# i fell really hard on my chest



## Rip154 (Sep 23, 2017)

Smells like ribs


----------



## WigMar (Mar 17, 2019)

There's all manner of things that can happen to your ribcage or the items within it. I'm no doctor. It really hurts when you crack a rib or mess with the intercostal tissues in there.


----------



## lab49232 (Sep 13, 2011)

Hannah-2004 said:


> so i was practiceing on the boardercross coarse and was coing on a roller and caught an edge and went flying foward about 14 ft and fell REALLY hard on my chest, shoulder stomach and was hardly able to breathe, i got the wind nocked out of me
> 
> and after i felt really dizzy i dont think i hit my head though, not sure though
> 
> ...


I did this almost to a t. Mine was...... Nearly catastrophic. Mine landed purely on my chest and ended with ruptured Adrenal gland, lacerated live, Large live hematoma and I separated all my ribs from the cartilage. Basically the fall compressed my chest so hard my ribs pulled off and pushed back in to my organs. That's the thing most people dont know. When you compress the chest as a whole everyone jumps to broken ribs but they can also just tear away from the cartilage. I tried to wait mine out, didn't know how bad it was until driving home I slumped over the steering wheel in pain and decided to go get checked out. AKA If ya got insurance I'd definitely get it looked at. I thoguht I was fine all the way until the doctor came in and was like we're taking you to ICU like right now. Stayed there on bed rest for a week.
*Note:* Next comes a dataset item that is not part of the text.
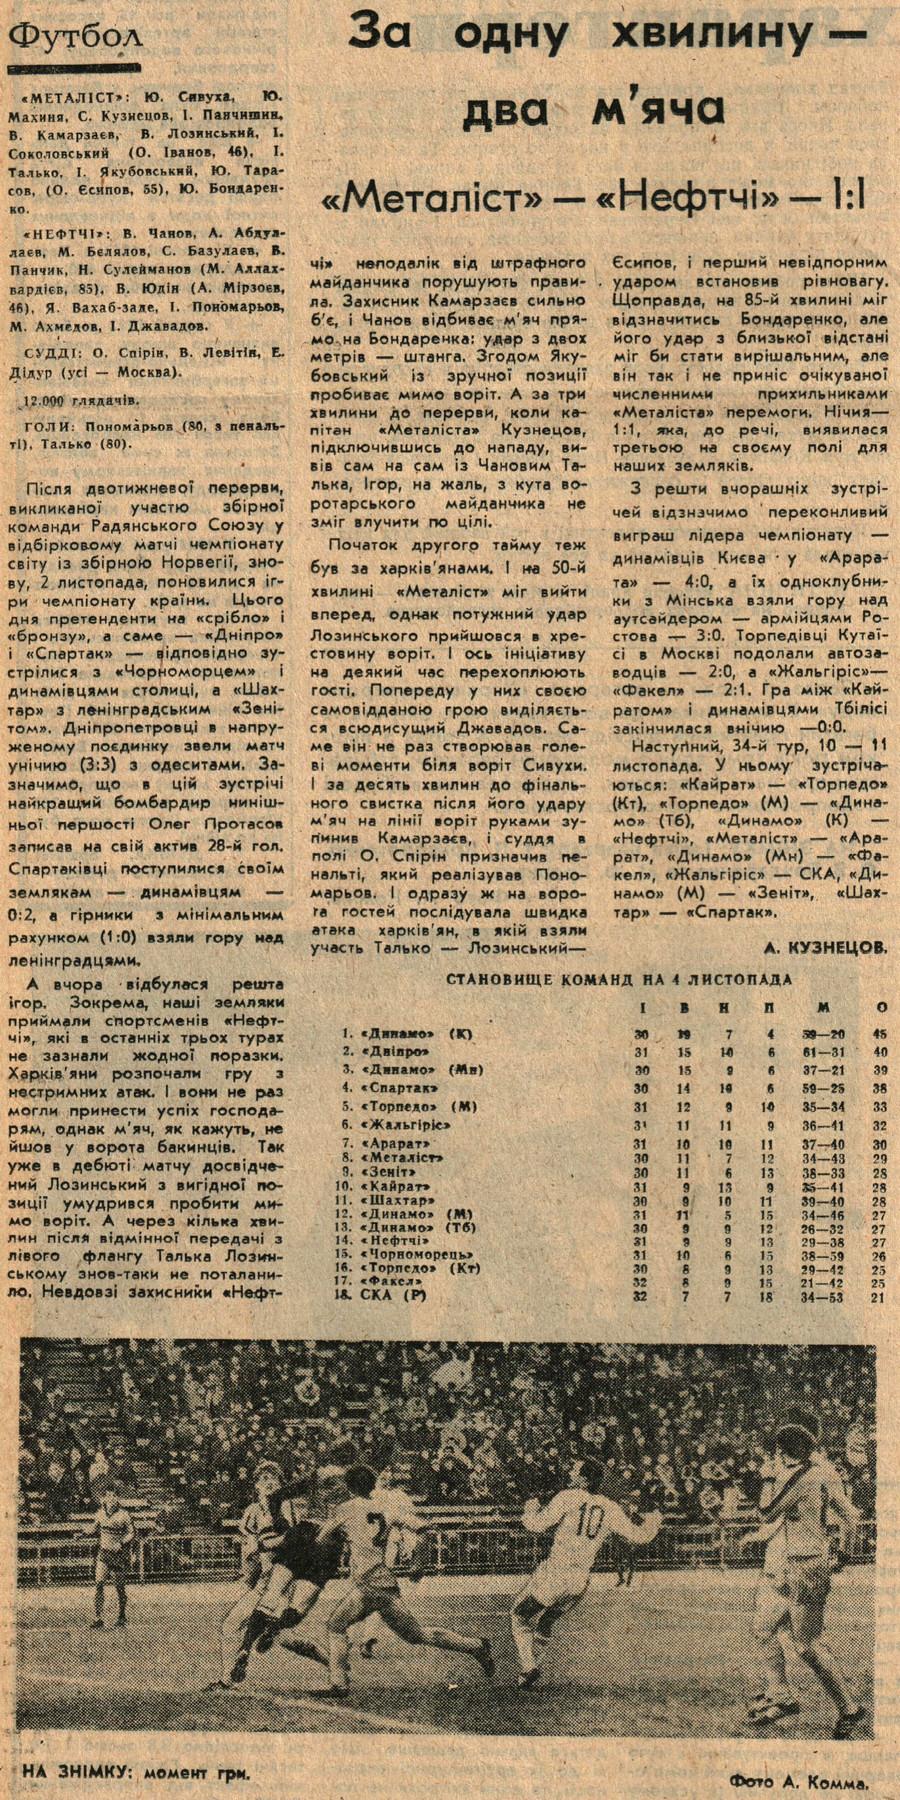 [Изображение: 1985-11-03_MKh-NB_1-1.jpg]
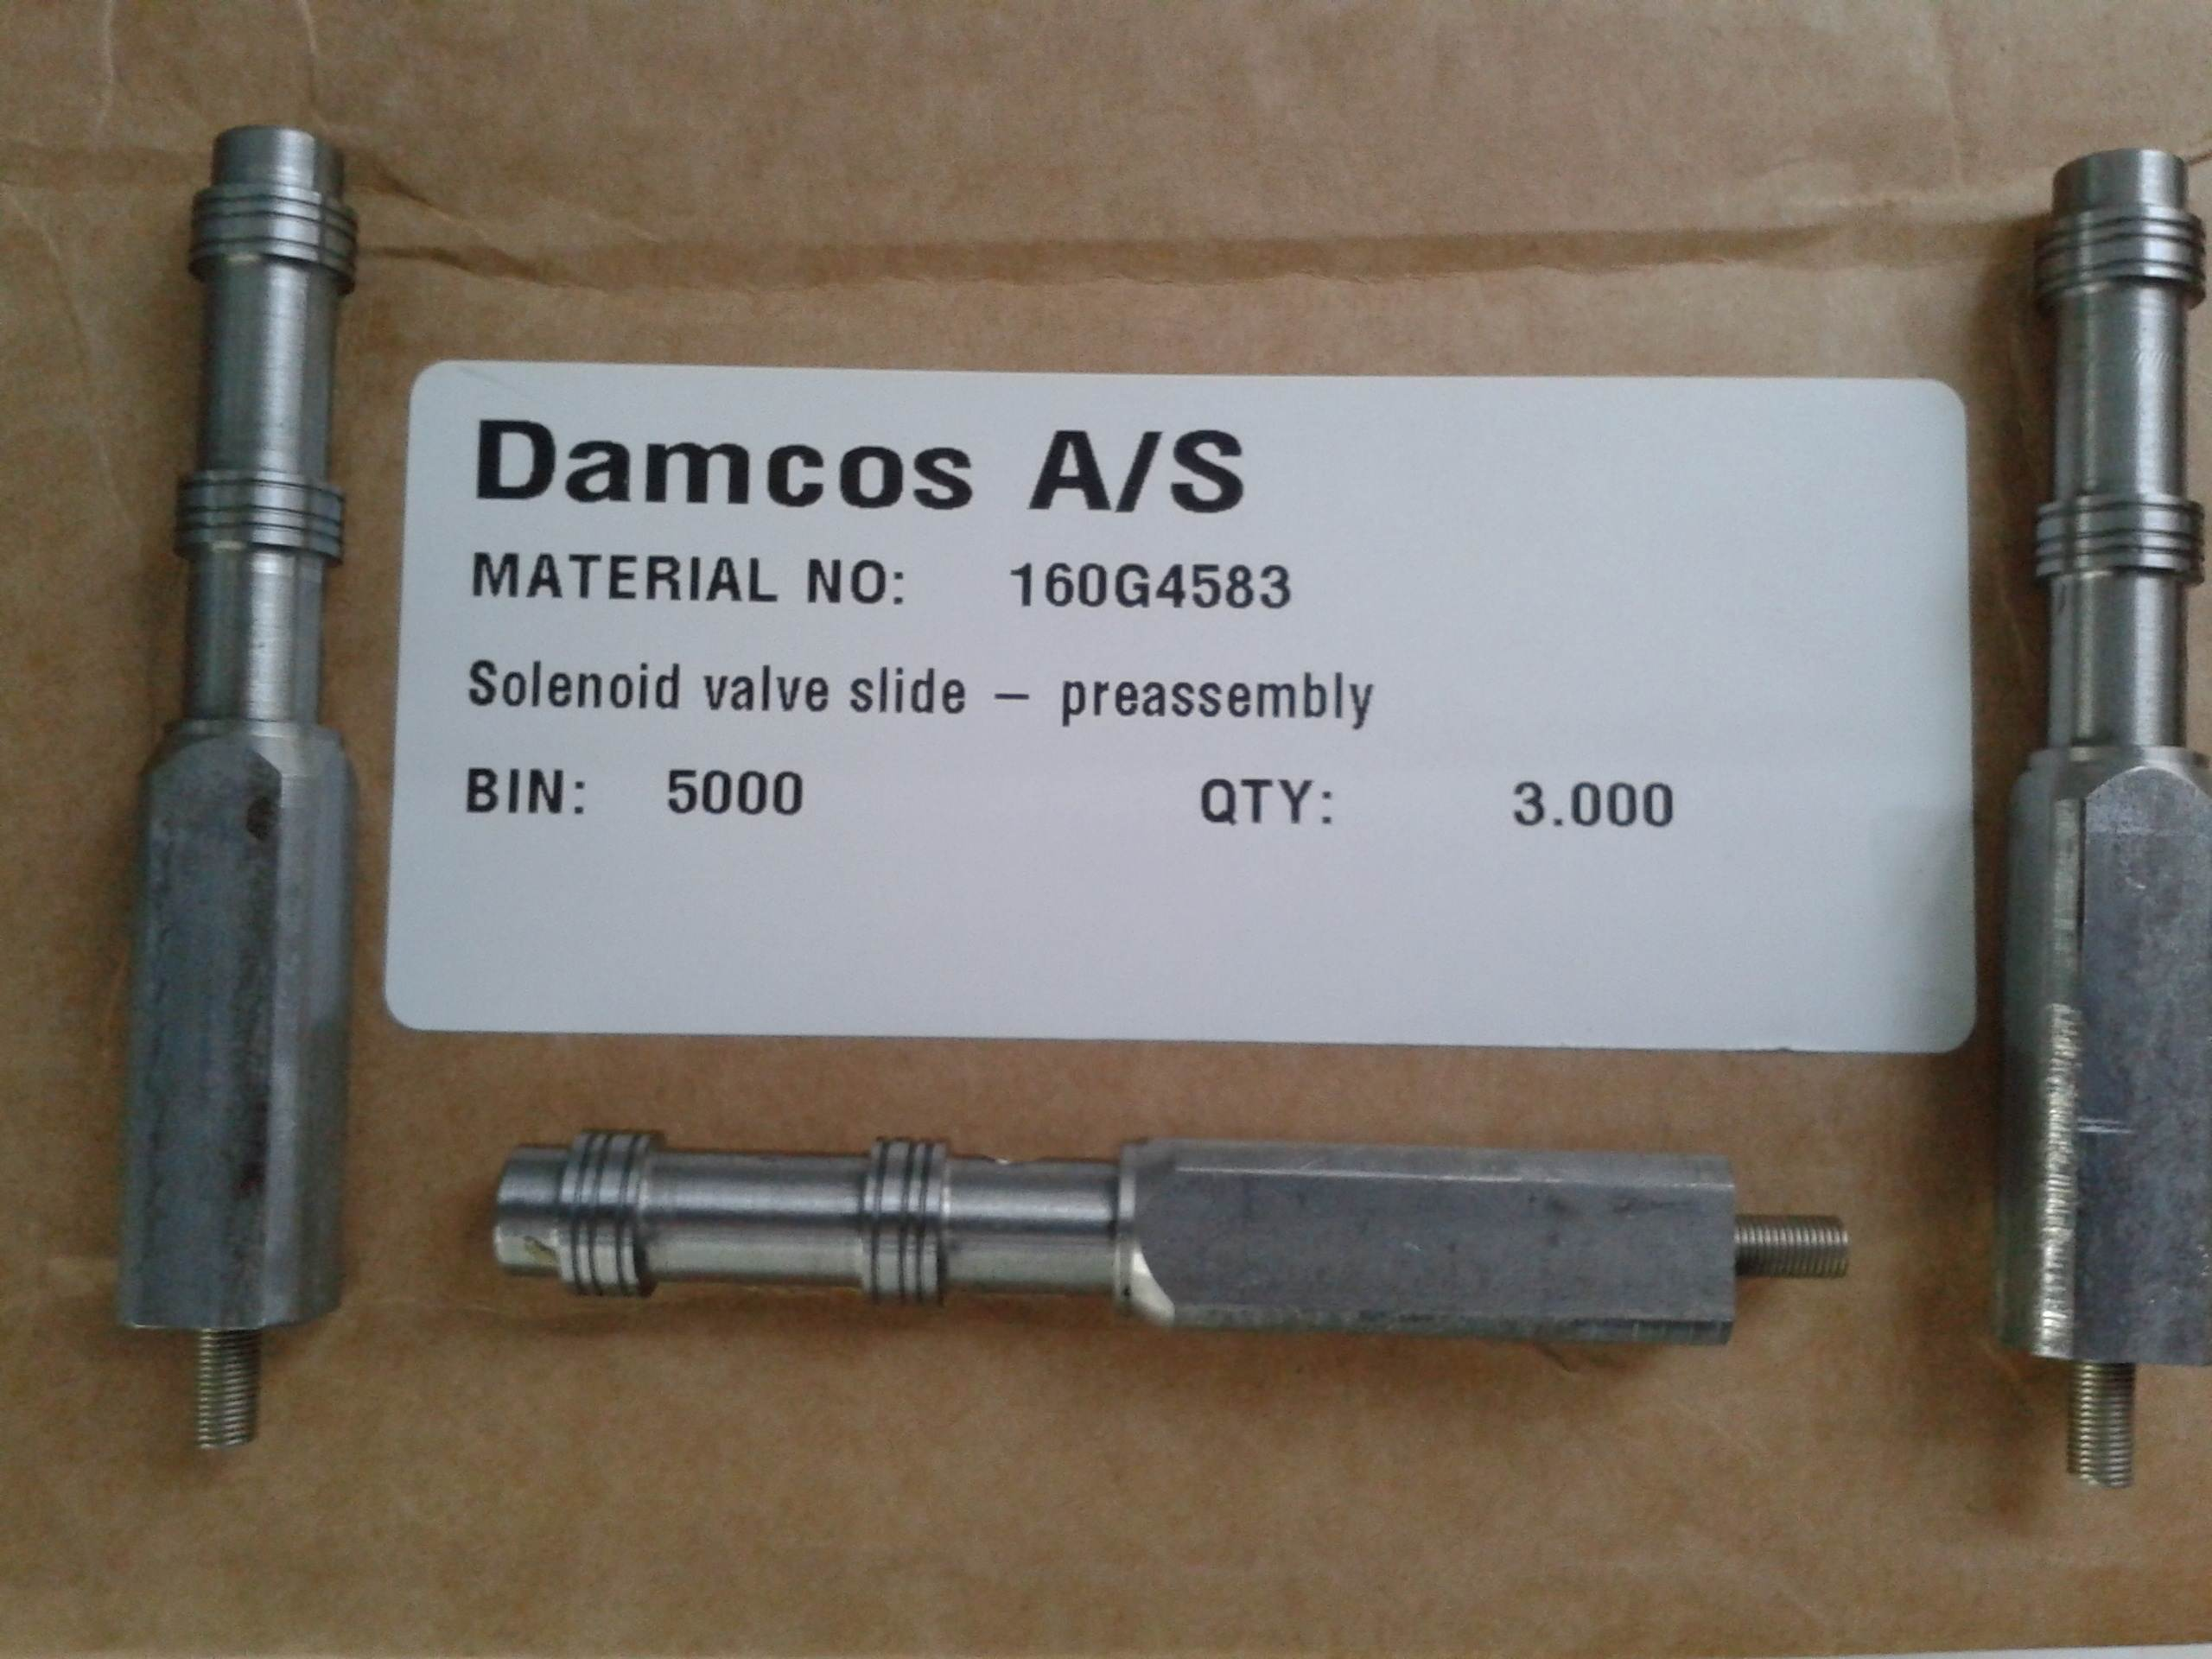 Damcos-160G4583-Solenoid-Valve-Slide-Preassembly-

Good news: If it's ribs, broken or separated or otherwise, you're likely not going to make it worse. Bad news: It's gonna be that bad for AGES. Ribs are one of the worst and longest heals. I couldn't properly move without severe pain for well over a month. I know I didn't ride again that season, not sure when the pain would have even been bearable enough to attempt it. But if you can there's not much reason not to short of a rib being super broken and puncturing a lung.


----------



## Hannah-2004 (Jan 1, 2020)

yeah


lab49232 said:


> I did this almost to a t. Mine was...... Nearly catastrophic. Mine landed purely on my chest and ended with ruptured Adrenal gland, lacerated live, Large live hematoma and I separated all my ribs from the cartilage. Basically the fall compressed my chest so hard my ribs pulled off and pushed back in to my organs. That's the thing most people dont know. When you compress the chest as a whole everyone jumps to broken ribs but they can also just tear away from the cartilage. I tried to wait mine out, didn't know how bad it was until driving home I slumped over the steering wheel in pain and decided to go get checked out. AKA If ya got insurance I'd definitely get it looked at. I thoguht I was fine all the way until the doctor came in and was like we're taking you to ICU like right now. Stayed there on bed rest for a week.
> 
> Good news: If it's ribs, broken or separated or otherwise, you're likely not going to make it worse. Bad news: It's gonna be that bad for AGES. Ribs are one of the worst and longest heals. I couldn't properly move without severe pain for well over a month. I know I didn't ride again that season, not sure when the pain would have even been bearable enough to attempt it. But if you can there's not much reason not to short of a rib being super broken and puncturing a lung.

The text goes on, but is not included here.